Though Australia’s equity market continues to benefit from a resurgence in risk sentiment, macroeconomic trends remain ambiguous and focus is shifting to what happens when relief and support measures roll-off around September. With the linchpin of unemployment tracking at 7.1% in May with the benefit of job-retention policy, what happens here over the next few months will be a key determinant of GDP, credit loss, and house price outcomes. As permanent job losses mount from high-profile restructurings such as Qantas and Virgin, and with the outbreak yet to be contained, the government’s hand may be forced on prolonging temporary measures.
Dotty dot plot
It was another positive month for global fixed interest markets with corporate bonds outperforming government bonds as credit spreads continue to tighten. In the US, the Fed kept the target federal funds rate unchanged along with the size of its various asset purchasing programs. The major change was to the Secondary Market Corporate Credit Facility (SMCCF) that now allows the Fed to buy corporate bonds directly, rather than via ETFs. The other notable development was the release of Fed economic forecasts and the ‘dot plot’ which is a chart showing individual board member forecasts of the federal funds rate over time. There is strong consensus that the rate remains unchanged through 2021 and 2022, but members also concur on a return to normal levels between 2% and 3% in the longer run. Current yields on US government bonds are much lower (10yr at 0.7%, 30yr at 1.4%). This indicates the market is more sceptical on the path to normalisation.

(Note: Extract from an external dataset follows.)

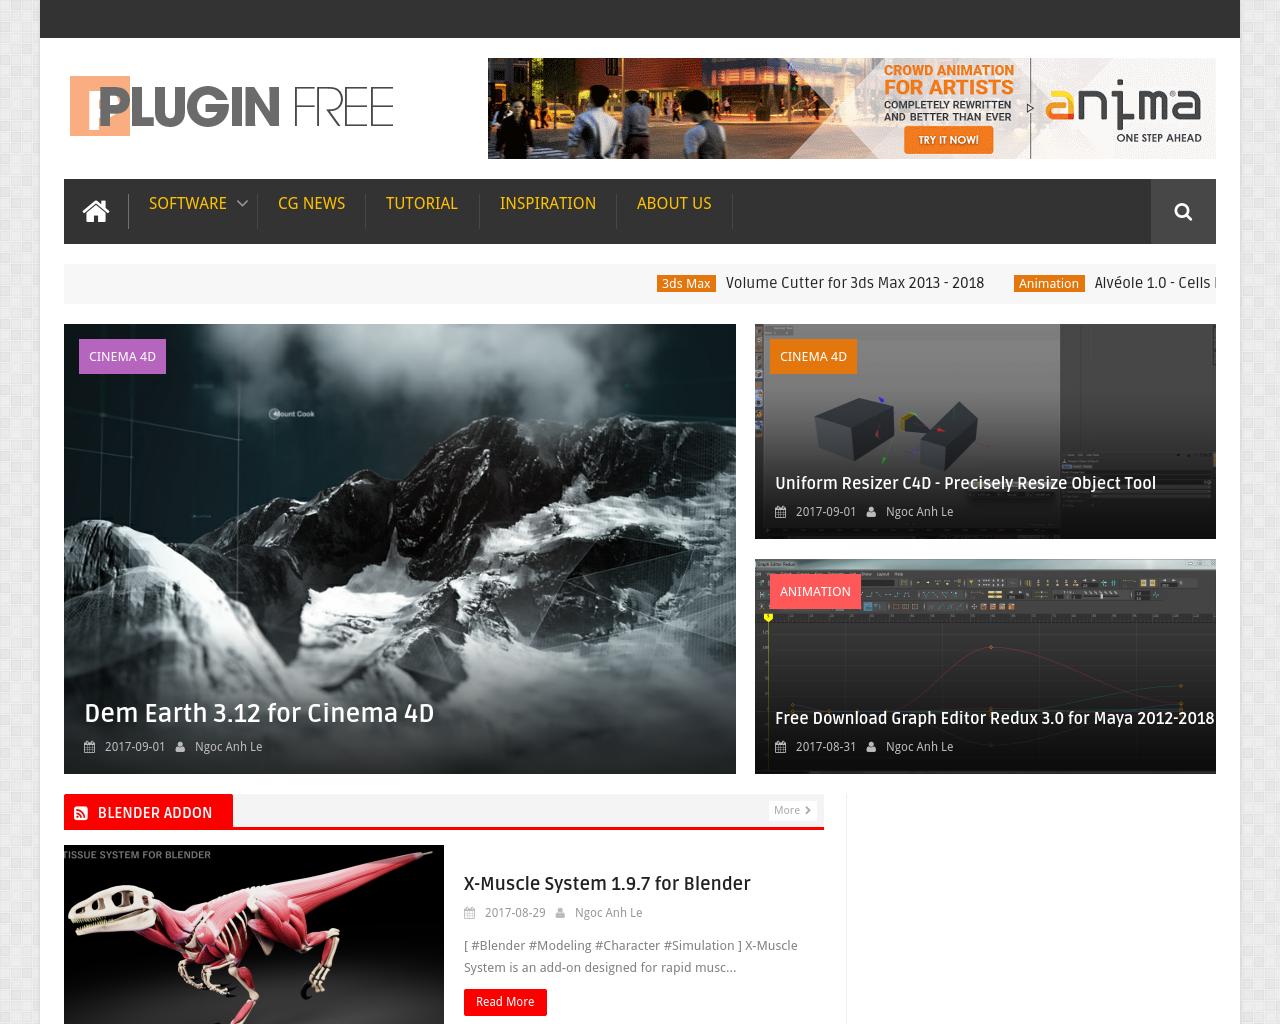 PLUGIN-FREE-Advertising-Reviews-Pricing

In New Zealand, government bonds also underperformed corporate bonds with the S&P/NZX Corporate Bond Index rising 0.2% compared to a fall of 0.6% for the S&P/NZX Government Bond Index. Government bond yields have been rising since the lows reached in May as the market starts to absorb more bond issuance. The RBNZ has kept the maximum size of its asset purchasing program unchanged at $60 billion, but expects to provide an update on this program and the use of other monetary policy tools with the release of its Monetary Policy Statement in August. The OCR was left unchanged at 0.25% and the RBNZ is still expecting to maintain this rate until March next year.